** Opening RECORDED DATA block **
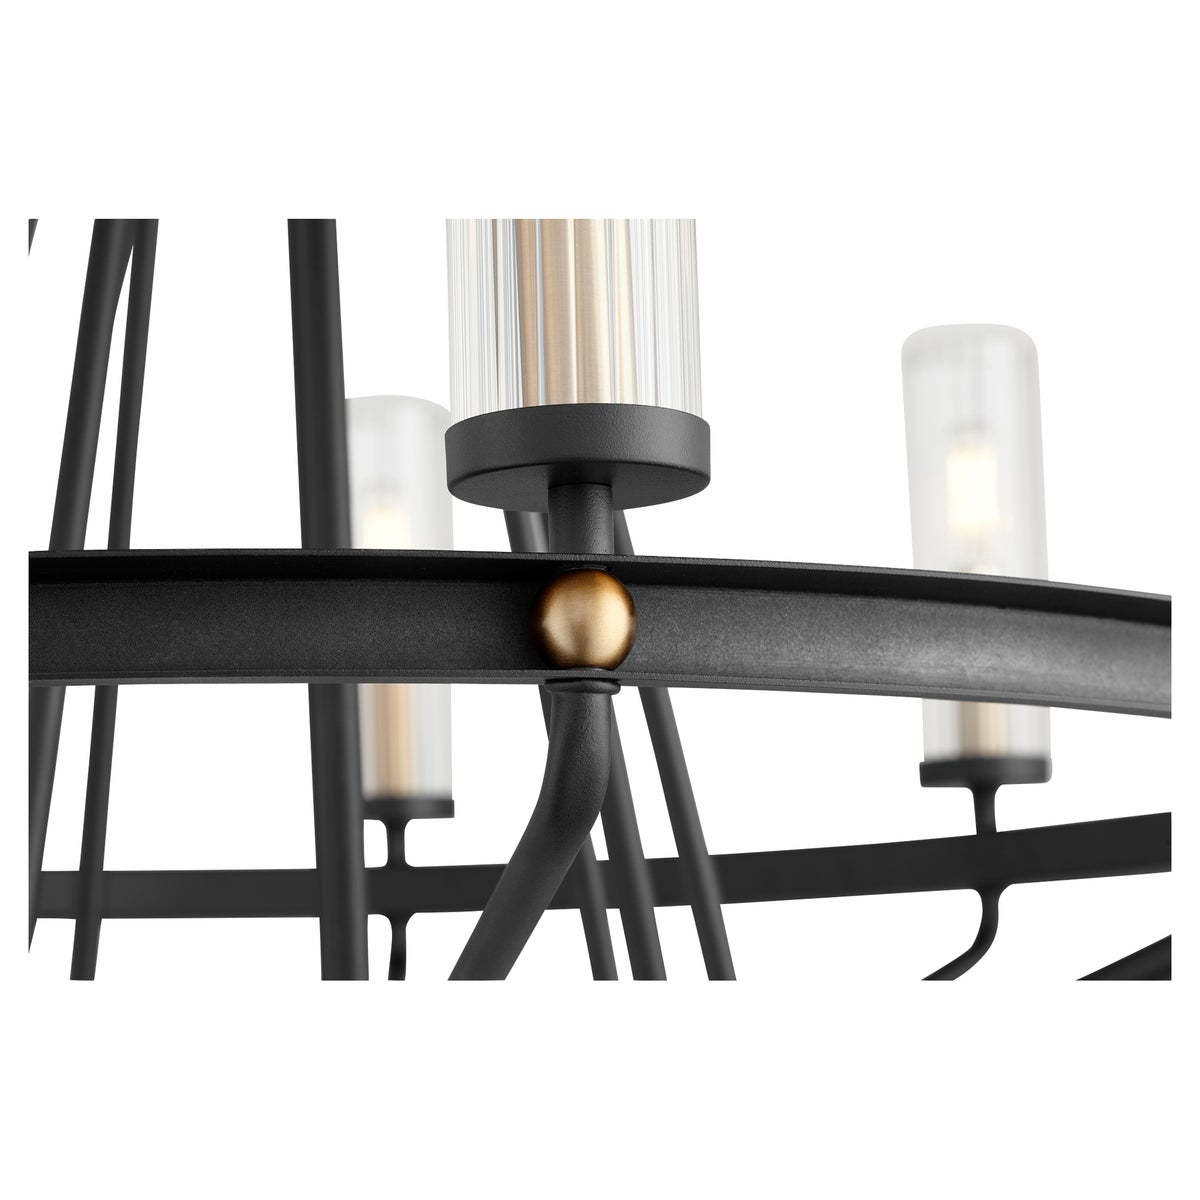 Ring chandelier with close-up view. Modern design brings radiant lighting quality to any interior space.
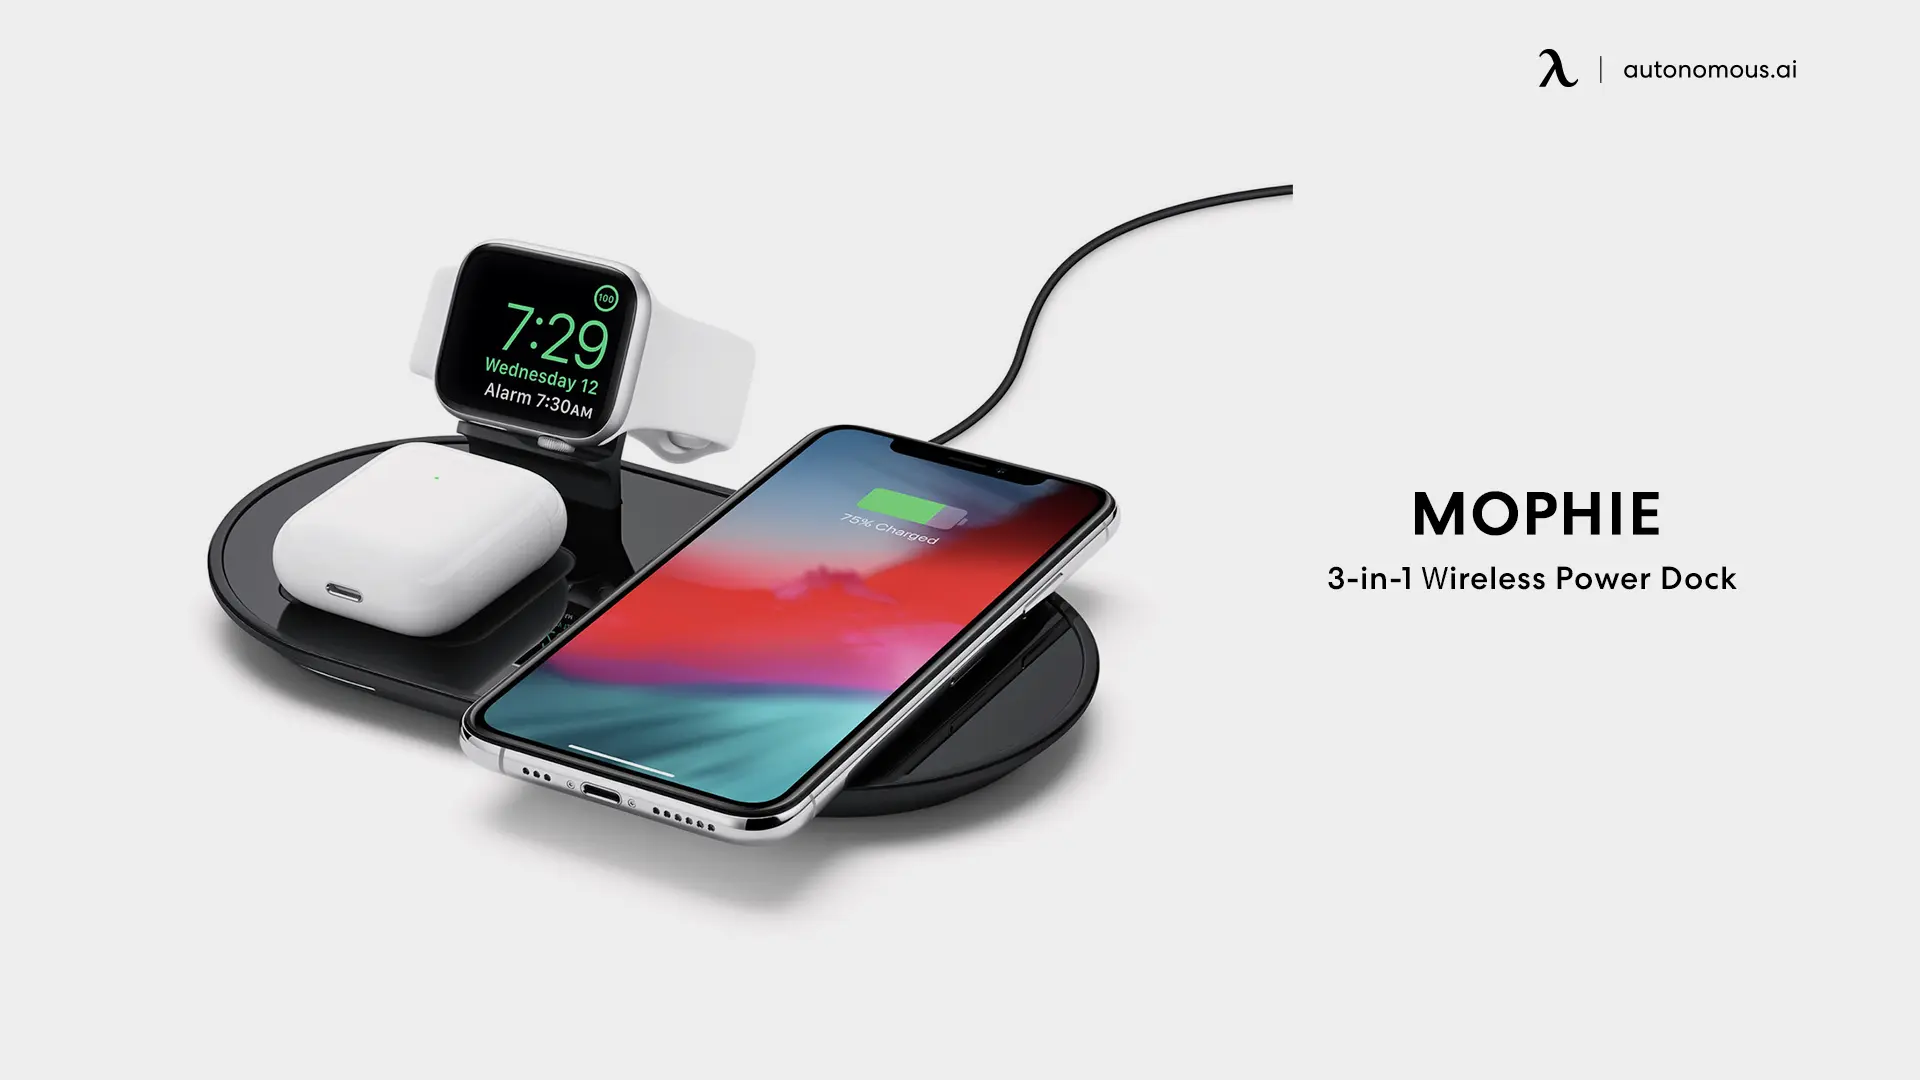 Mophie 3-in-1 iMac accessories
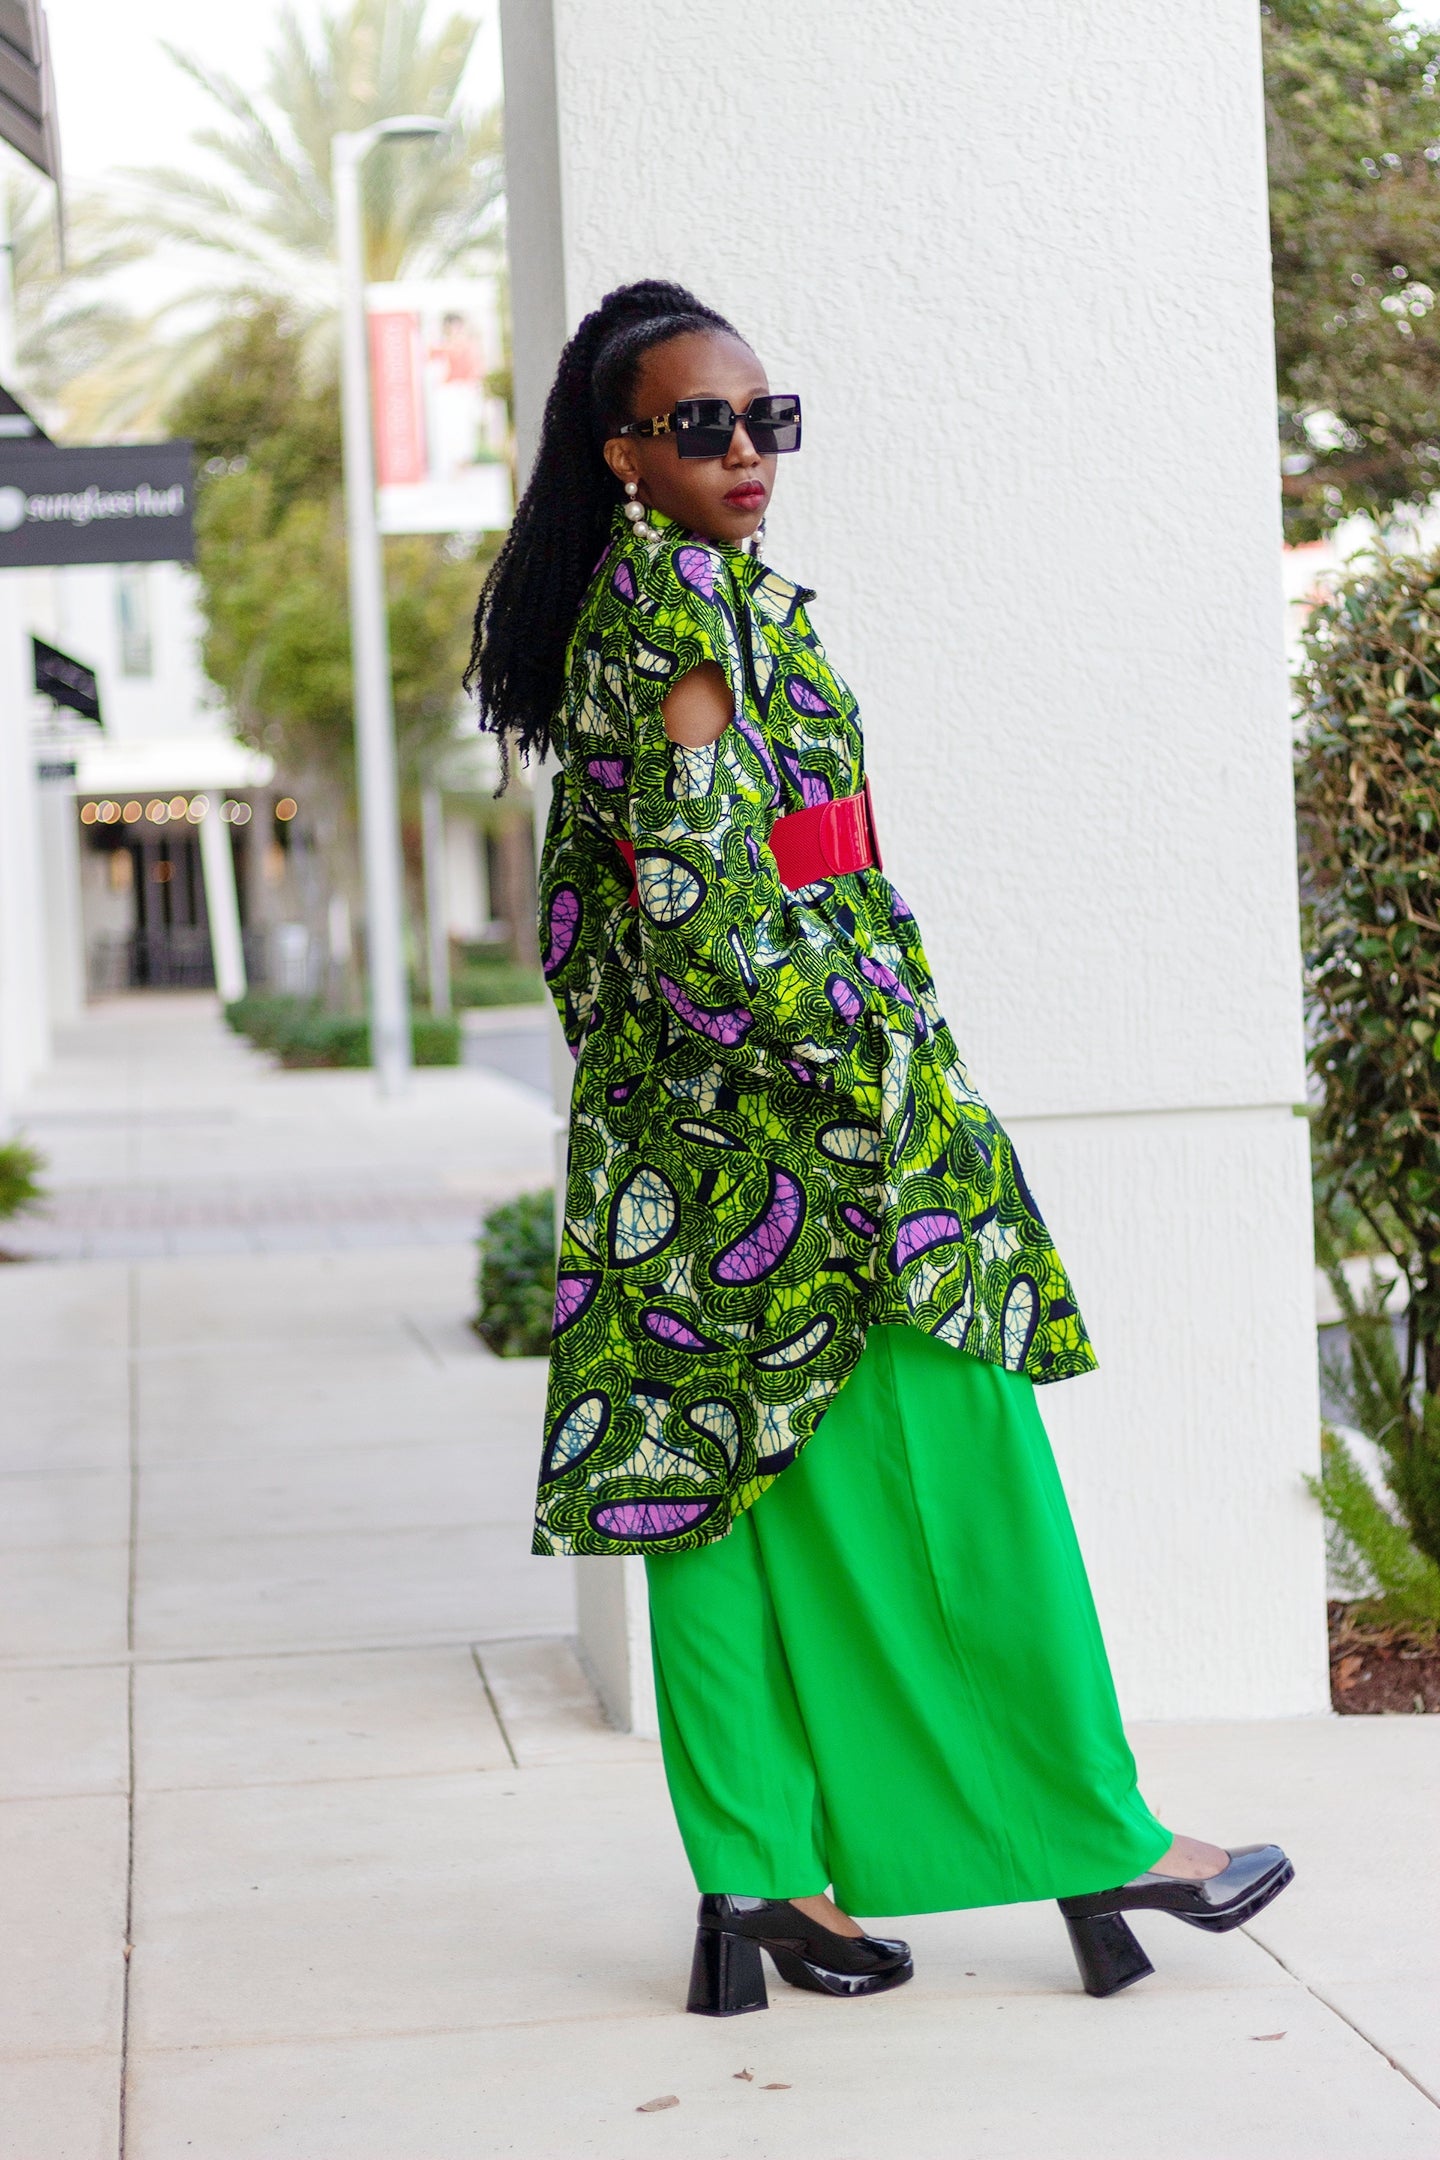 African Print/Ankara/Kitenge High-Low Oversized Shirt with Drop Sleeves and Pockets - Green/Purple/Cream White  and Black motif Print
** Closing RECORDED DATA block **
> TASK: Could you restate all of the data above word for word and skip every picture?

> TASK OUTPUT:
 Ring chandelier with close-up view. Modern design brings radiant lighting quality to any interior space.
 Mophie 3-in-1 iMac accessories
 African Print/Ankara/Kitenge High-Low Oversized Shirt with Drop Sleeves and Pockets - Green/Purple/Cream White  and Black motif Print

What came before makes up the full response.